Braintree was a legit competitor, last time I checked they won't even onboard you if you don't have an established business grossing over 100k/yr.

I remember about 10 years ago I switched our billing / subscription code from paypal to braintree. Braintree was better than paypal but that wasnt saying much. Then paypal bought Braintree and started fucking around with it, asking for conference calls because they wanted us off one of their old flows so they could get us on webhooks that preformed worse and were a pain to implement.

Anyway we switched to stripe. Don't love stripe and they take a big cut but I hate paypal.

Braintree also is and isn't compatible with the legacy PayPal stack, of which there are 3 layers, depending on whom you ask.

Paypal offshored all of their support staff.

They've been abysmal and borderline criminal since the start.

They randomly withheld £20k from a business I was involved with for no stated reason and no direct means to talk to a human about it. It took months to resolve.

And as for their actual website...

Everyone knows someone who has a story like this. Not a good look for a major PSP.

Why would you keep any money on PayPal. It’s just a pass-through to your bank account, accepting payments without giving your bank details to strangers on the internet.

Once you start doing frequent business through PayPal, they begin 'holding' some of your money to form a buffer against chargebacks and fraud. This doesn't happen often at the consumer level, but dominates within the small business world.

> They randomly withheld £20k from a business I was involved with for no stated reason and no direct means to talk to a human about it. It took months to resolve.

If only there was a regulatory framework to turn that into an extremely simple court case, and to also punish attempts of PayPal to ban users who stand up for access to their money.

If they’re a near-monopoly they shouldn’t be allowed to set their own rules.

The dystopia that PayPal is we’re cheering and paying trillionaires to bring forward faster. Can’t wait.

> informal agreement to keep transaction fees about the same

This would be like, ridiculously illegal.
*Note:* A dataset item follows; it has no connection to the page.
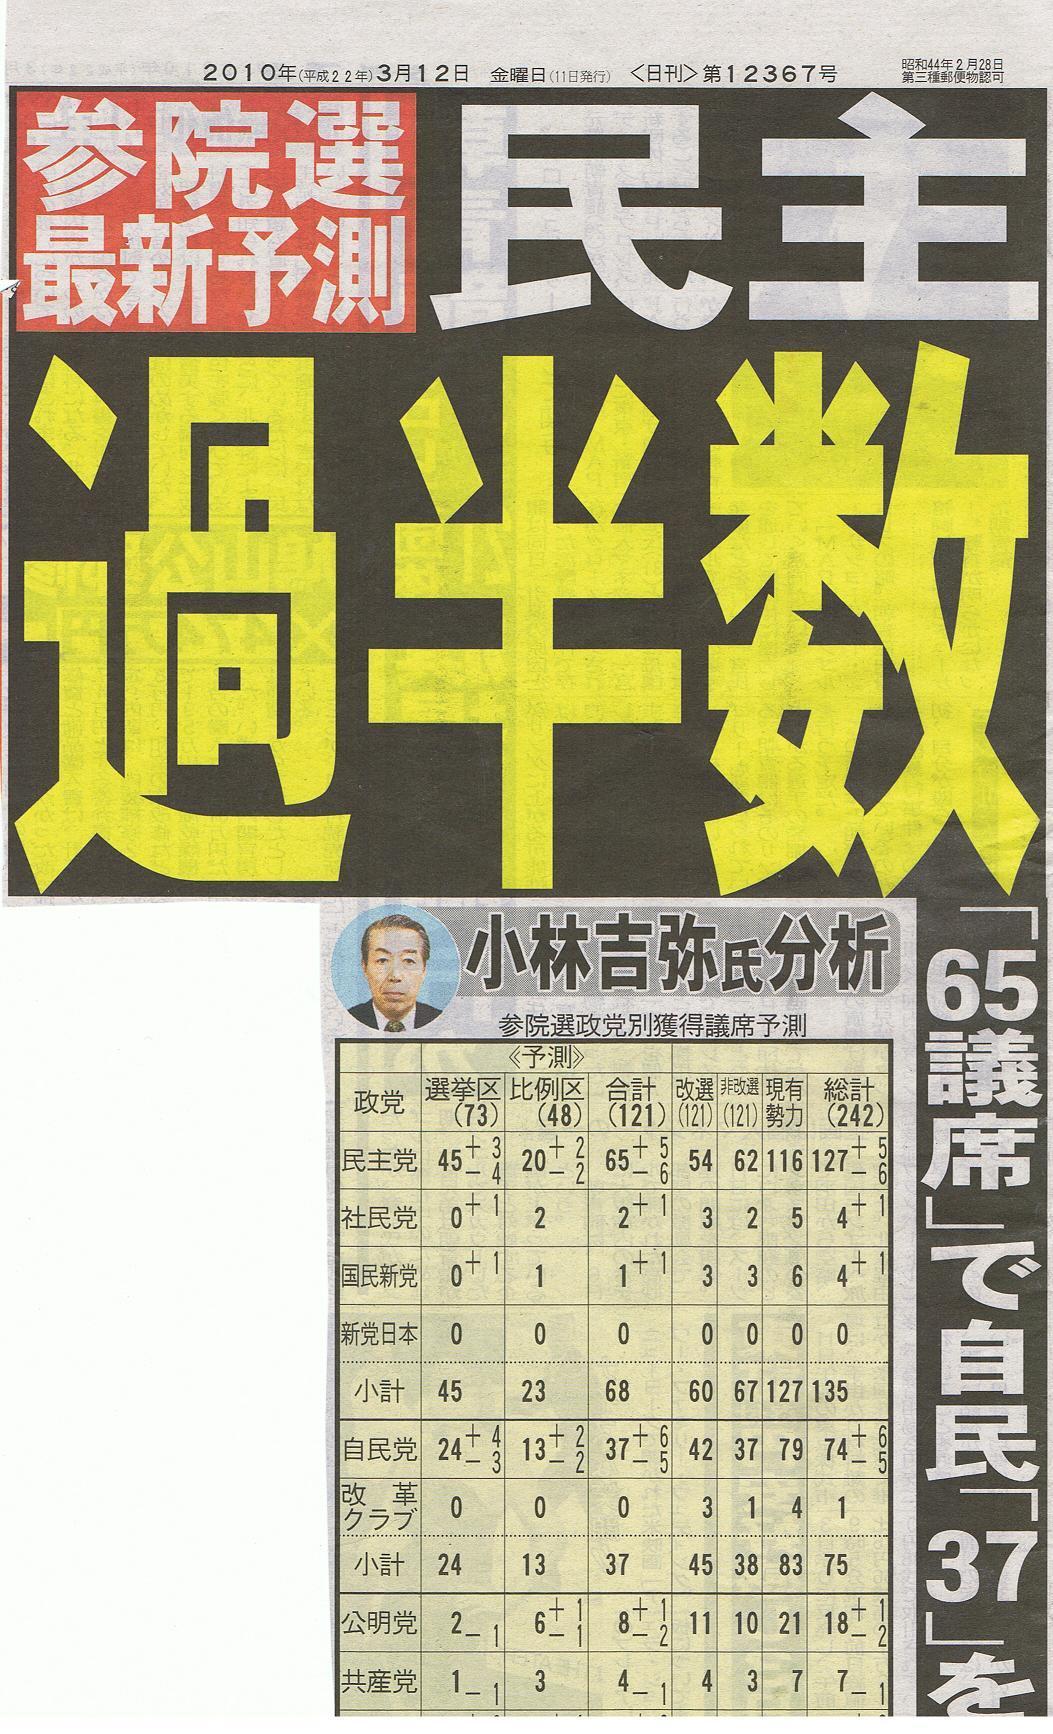 参院選予測:あの夕刊フジですら、民主の過半数を認めた。

It's also not practical; if you can steal customers, the incentive to undercut is very strong.

Of course, but that's the thing about "informal" agreements: presumably there's no record of it. Price collusion happens way more than most realize. I was at a trade show for my employer when a competitor walked up to our booth and out loud proposed that we should all fix our prices. We didn't of course, but the brazenness of saying something like that out in the open like was what surprised me.

I thought that only happened in hilarious corporate training videos

The good thing about price collusion is that it's hard to coordinate. If even one competitor defects (and they have every advantage to, as they'll win big), then the cartel falls apart.
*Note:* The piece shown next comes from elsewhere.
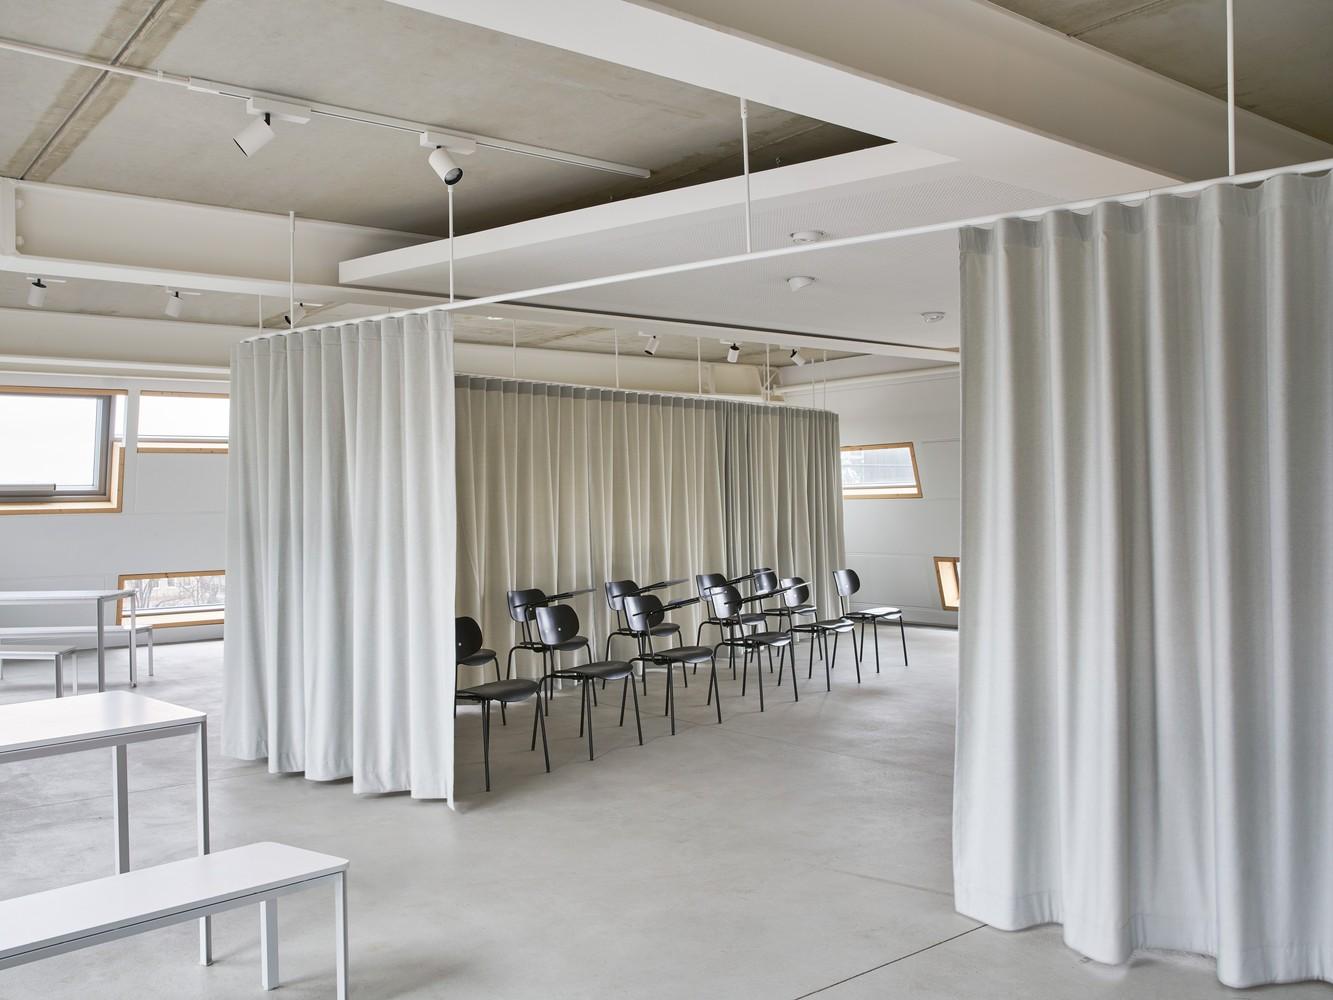 Tendencias en diseño y construcción del 2020: Lo recurrente, popular, relevante y sustancial,Industry & Leisure Multifunctional Spaces / Gustav Düsing. Image © Johannes Förster

One of the big rules of commerce is that competing on price is generally a no-no for large markets. Usually, the powers that be would rather compete on a perceived value; that is how “informal price collusion” works.

Price/cost is the last thing you compete on unless you have a wholesale advantage, which nobody in this particular industry does (visa/mastercard set core rates)
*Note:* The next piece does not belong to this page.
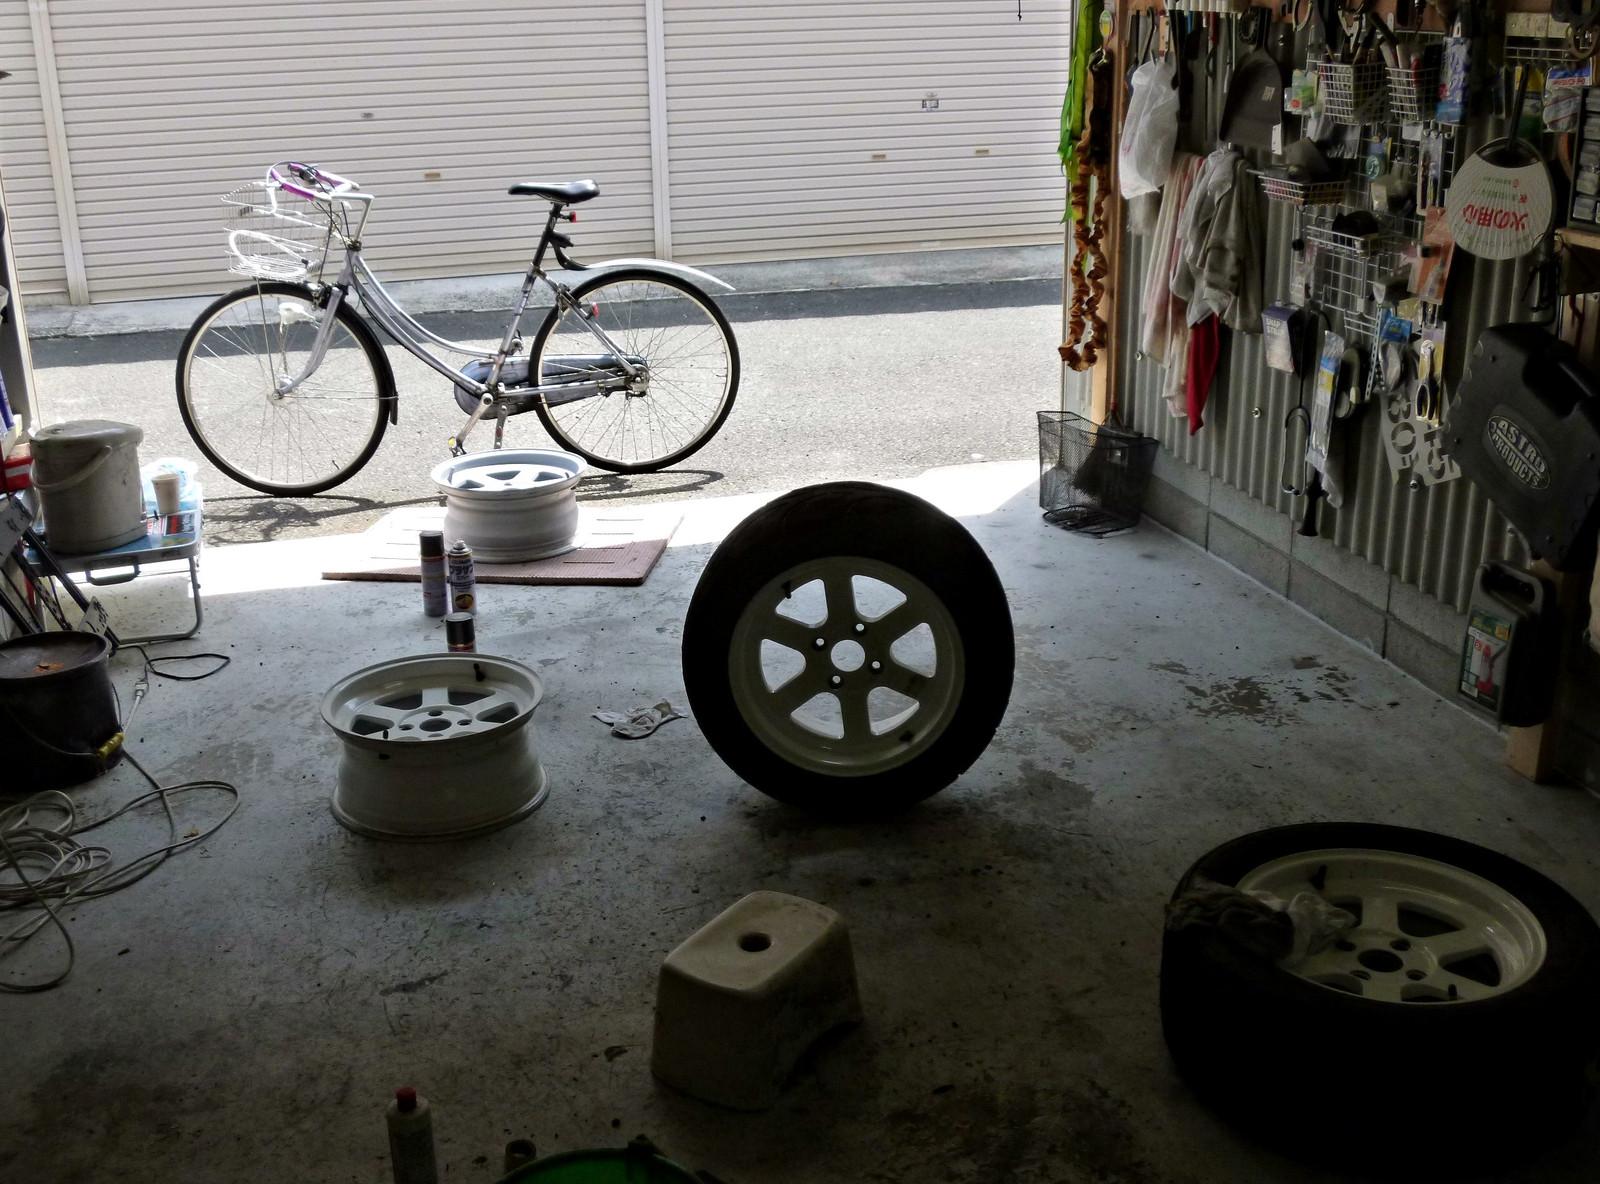 Wheelpaint

Source: I’ve worked with higher ups in numerous commerce operations.

Commerce is actually even worse than many realize. Look up pepsi and walmart as a small example.

sounds like an org prisonner's dilemma

Exactly.

That assumes that

* it instantly brings them a ton of consumers * they have capacity to serve those customers

if they don't competitor can just keep higher price (especially if it is just small middleman fee most people might not care that much about)

And even if both of those are true worst possible case is them expanding to handle influx of customers and then competition following in few months, making their investment moot

That's true, but the thing about price fixing is that it basically guarantees these conditions.

The price is artificially high -> there's a ton of demand waiting to be unlocked by the "potential energy" gated behind the unnatural price

Capacity is easy to plan around; get too much and you can just raise the price again.

> This would be like, ridiculously illegal. It's also not practical;

Not if you pay a bit of dividends to jared or dtj

i just wonder why you think fees are high. seemingly the only thing that keeps fees low elsewhere in the world is regulations.

> what's to stop Stripe from raising fees even more?

There's a big amount of competitors for card processing. Just because they aren't well known within tech circles doesn't mean they don't exist.

But there are many competitors no? Adyen at least comes to mind.